I think this just comes down to me having a narrower definition of a city.
If you ask people who their neighbors are voting for, they will make their best guess about who their neighbors are voting for. Occasionally their best guess will be to assume that their neighbors will vote the same way that they're voting, but usually not. Trump voters in blue areas will mostly answer "Harris" to this question, and Harris voters in red areas will mostly answer "Trump".
Ah, I think I see. Would it be fair to rephrase your question as: if we "re-rolled the dice" a week before the election, how likely was Trump to win?
My answer is probably between 90% and 95%. Basically the way Trump loses is to lose some of his supporters or have way more late deciders decide on Harris. That probably happens if Trump says something egregiously stupid or offensive (on the level of the Access Hollywood tape), or if some really bad news story about him comes out, but not otherwise.
It's a little hard to know what you mean by that. Do you mean something like: given the information known at the time, but allowing myself the hindsight of noticing facts about that information that I may have missed, what should I have thought the probability was?
If so, I think my answer isn't too different from what I believed before the election (essentially 50/50). Though I welcome takes to the contrary.
I'm not sure (see footnote 7), but I think it's quite likely, basically because:
- It's a simpler explanation than the one you give (so the bar for evidence should probably be lower).
- We know from polling data that Hispanic voters -- who are disproportionately foreign-born -- shifted a lot toward Trump.
- The biggest shifts happened in places like Queens, NY, which has many immigrants but (I think?) not very much anti-immigrant sentiment.
That said, I'm not that confident and I wouldn't be shocked if your explanation is correct.
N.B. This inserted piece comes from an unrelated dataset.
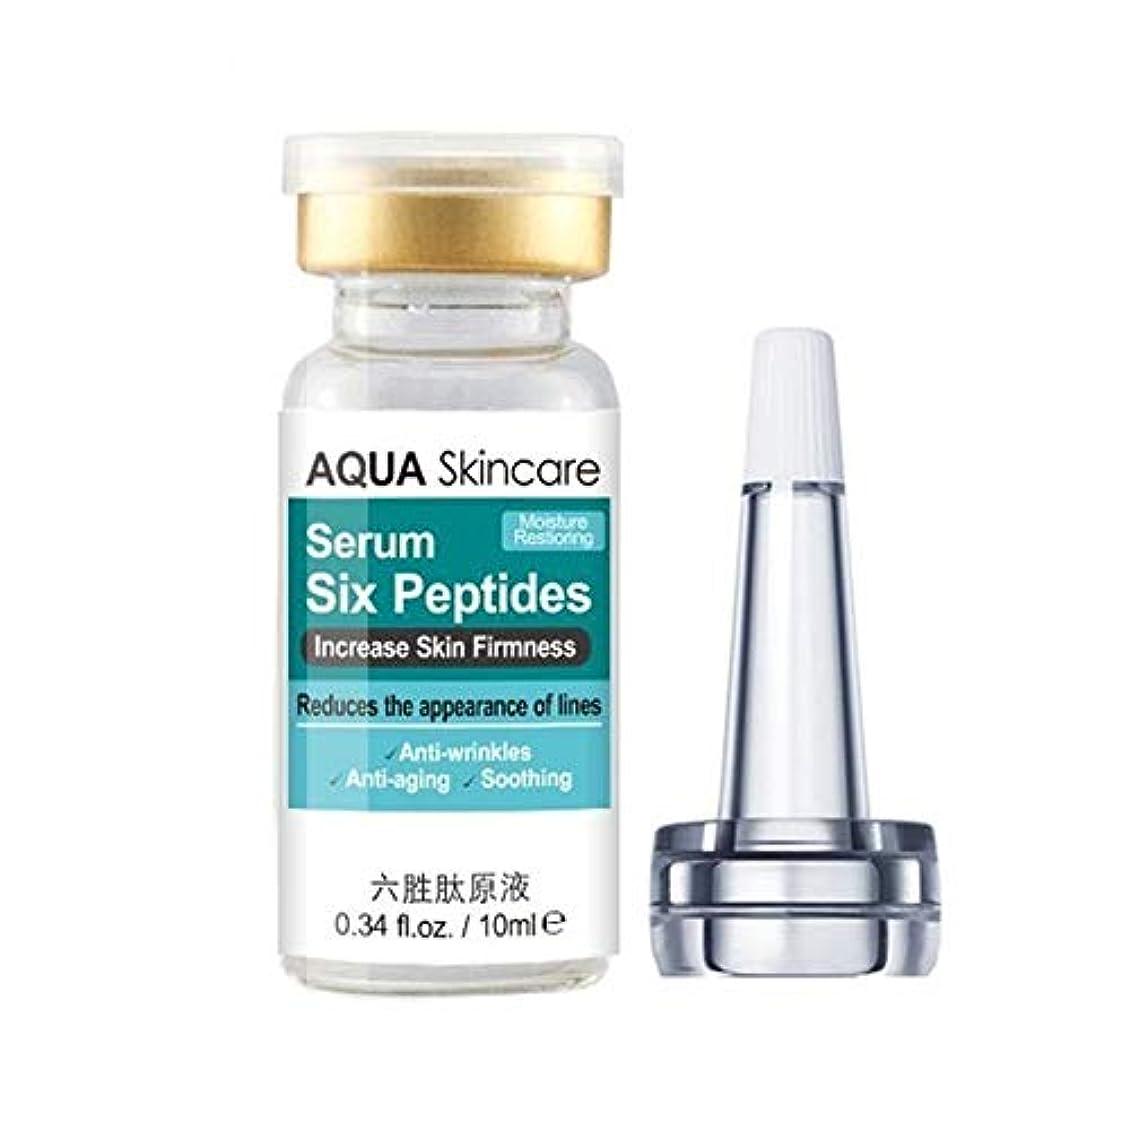 大臣ヘルパーデマンドペプチドストック溶液、シワ防止フェイシャルケア水和性6つのペプチド血清スムースファインライン引き締め肌を明るくするメラニンアレギニンヒアルロン酸オリジナルリキッドエッセンス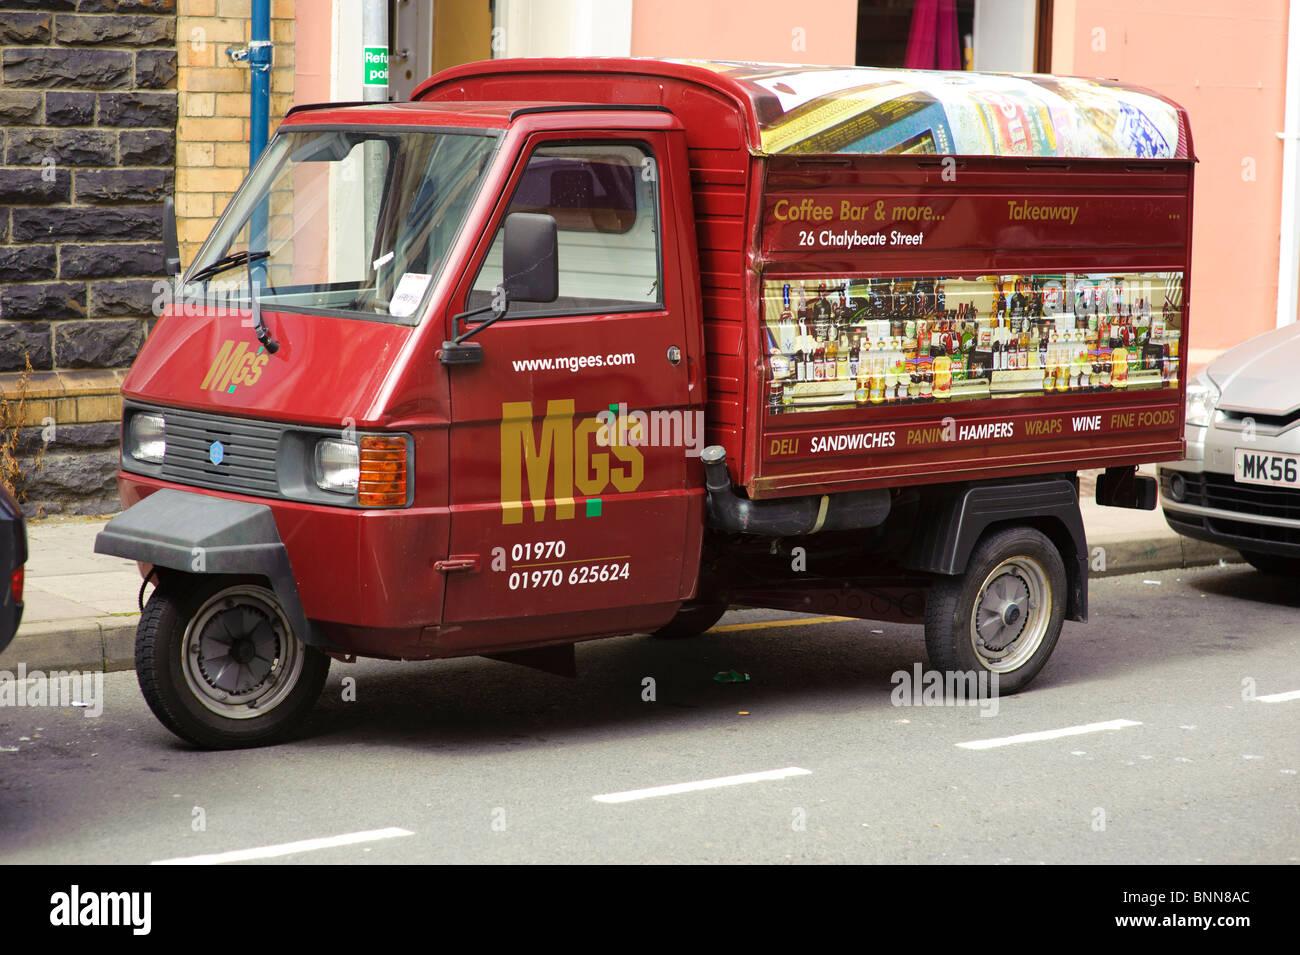 Food Delivery Aberystwyth

Here are some thoughts on how you could try to differentiate between them:
- You could look on the precinct-level rather than the county-level. Some precincts will be very high-% foreign-born (above 50%). If those precincts shifted more than surrounding precincts, that would be evidence in favor of my hypothesis. If they shifted less, that would be evidence in favor of yours.
- If someone did a poll with the questions "How did you vote in 2020", "How did you vote in 2024", and "Were you born in the U.S.", that could more directly answer the question.
An interesting thing about this proposal is that it would make every state besides CA, TX, OK, and LA pretty much irrelevant for the outcome of the presidential election. E.g. in this election, whichever candidate won CATXOKLA would have enough electoral votes to win the election, even if the other candidate won every swing state.
...which of course would be unfair to the non-CATXOKLA states, but like, not any more unfair than the current system?